RAW DATA:

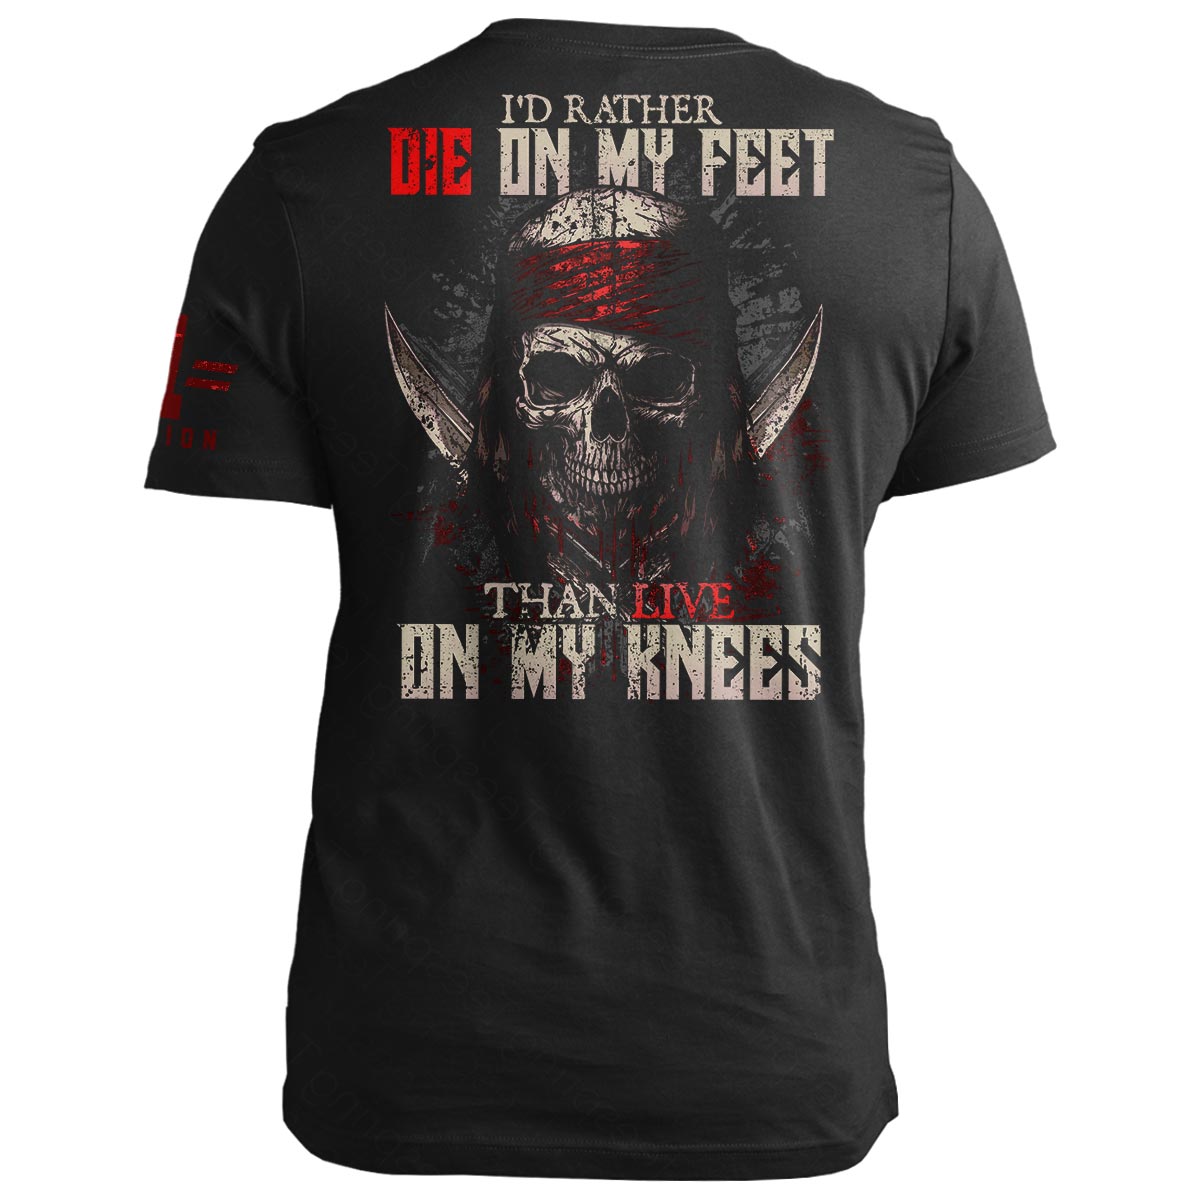 Die on my Feet: Pirate Edition
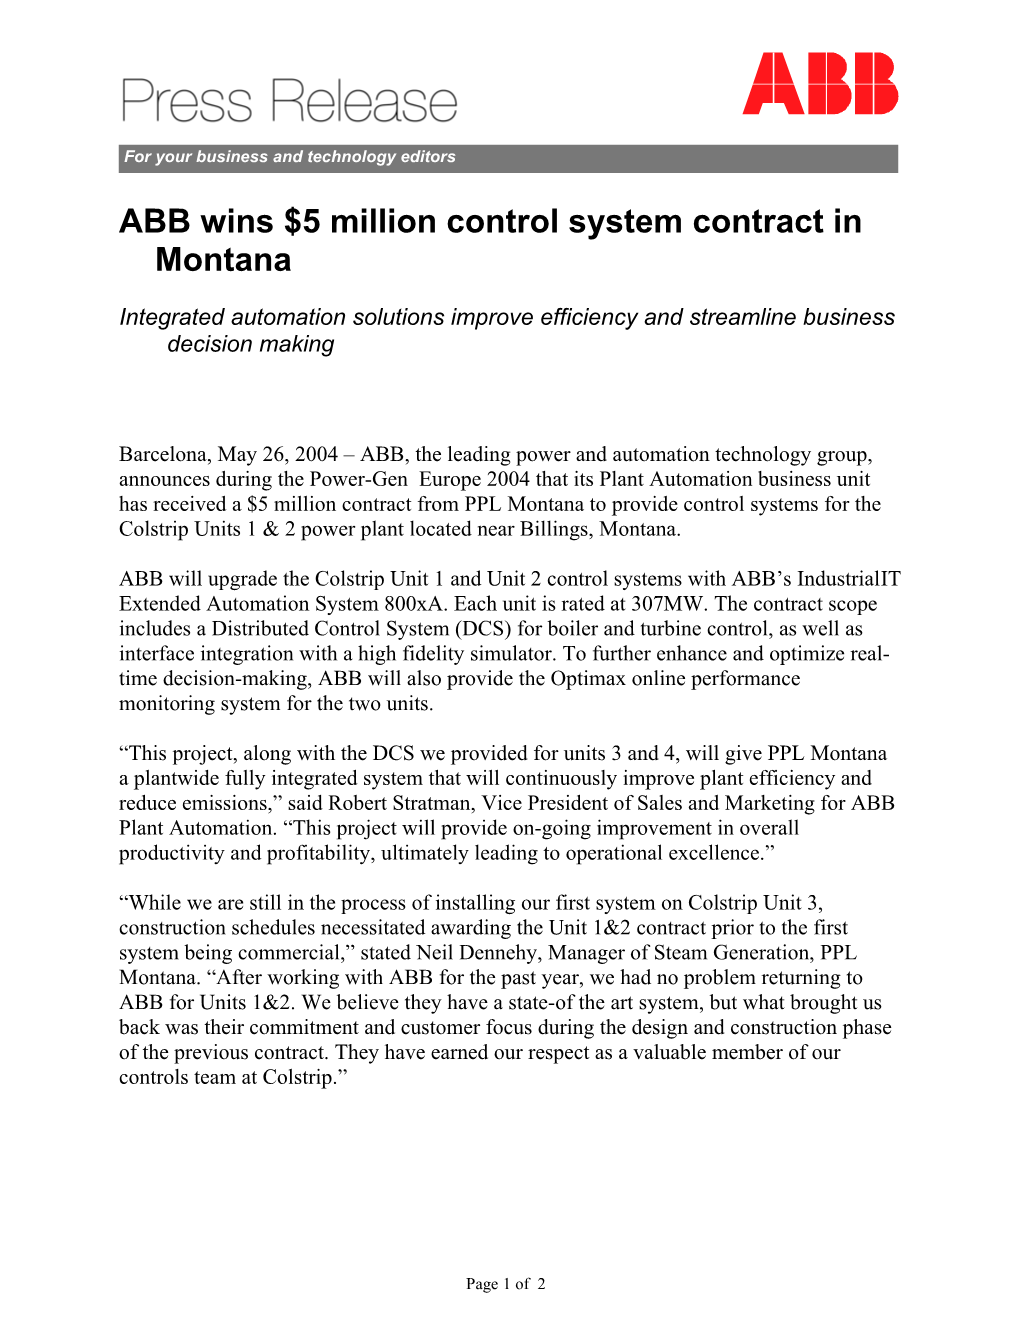 ABB Wins $5 Million Control System Contract in Montana
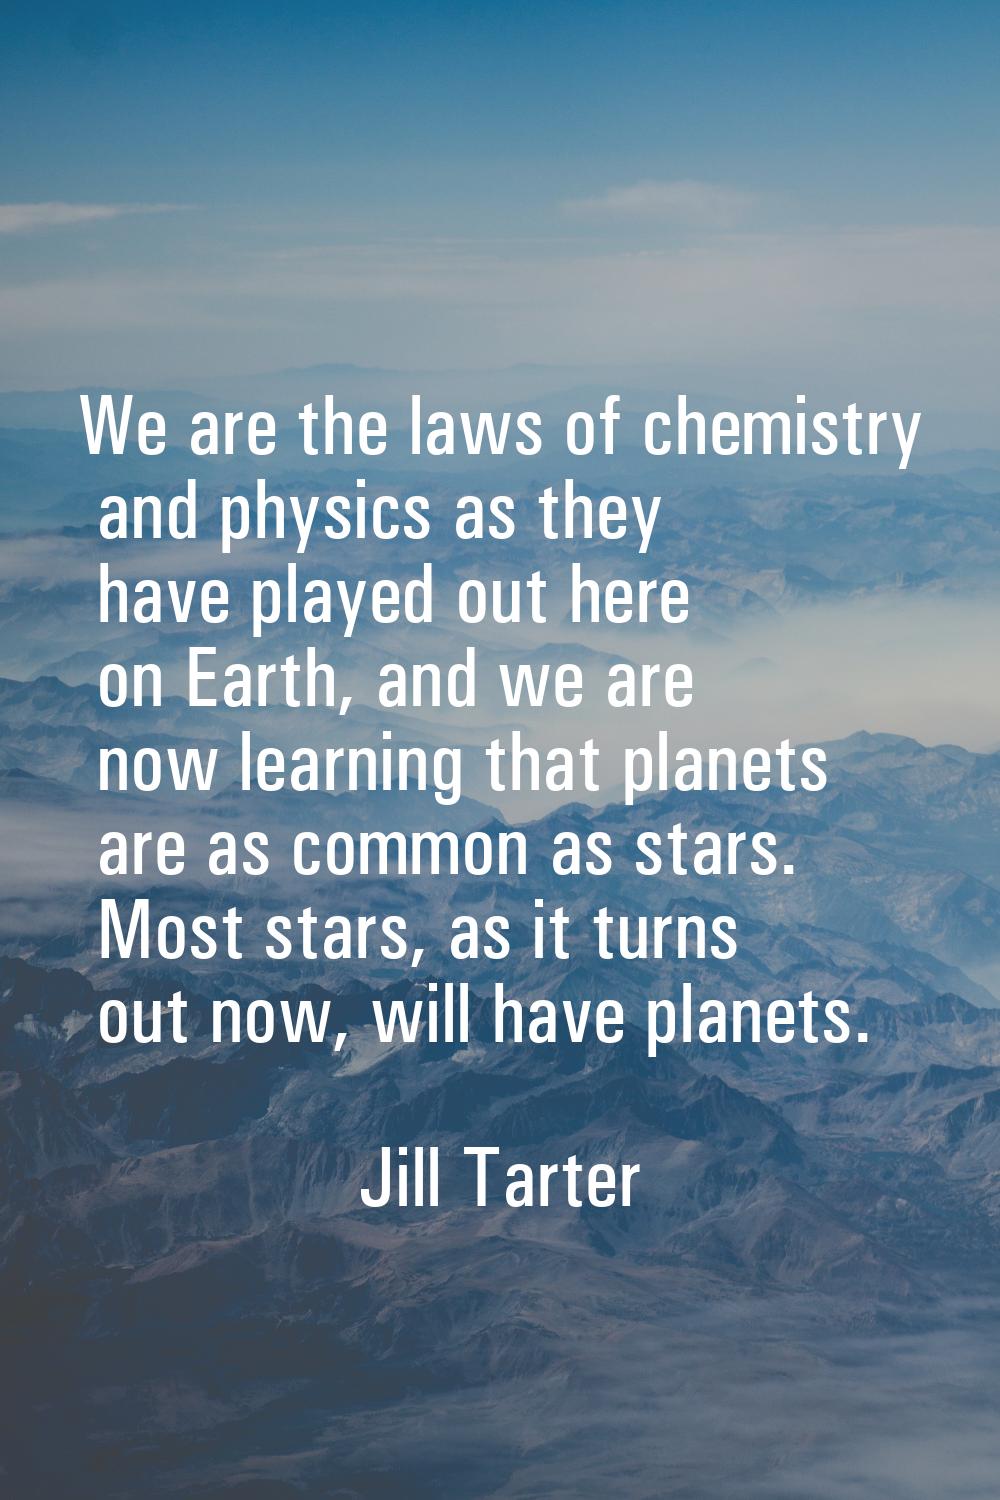 We are the laws of chemistry and physics as they have played out here on Earth, and we are now lear

EXERCISE DETAILS:
Write the data above out again exactly, every line of it, and exclude the pictures.

THE COMPLETED TASK:
 Die on my Feet: Pirate Edition
 ABB Wins $5 Million Control System Contract in Montana
 We are the laws of chemistry and physics as they have played out here on Earth, and we are now lear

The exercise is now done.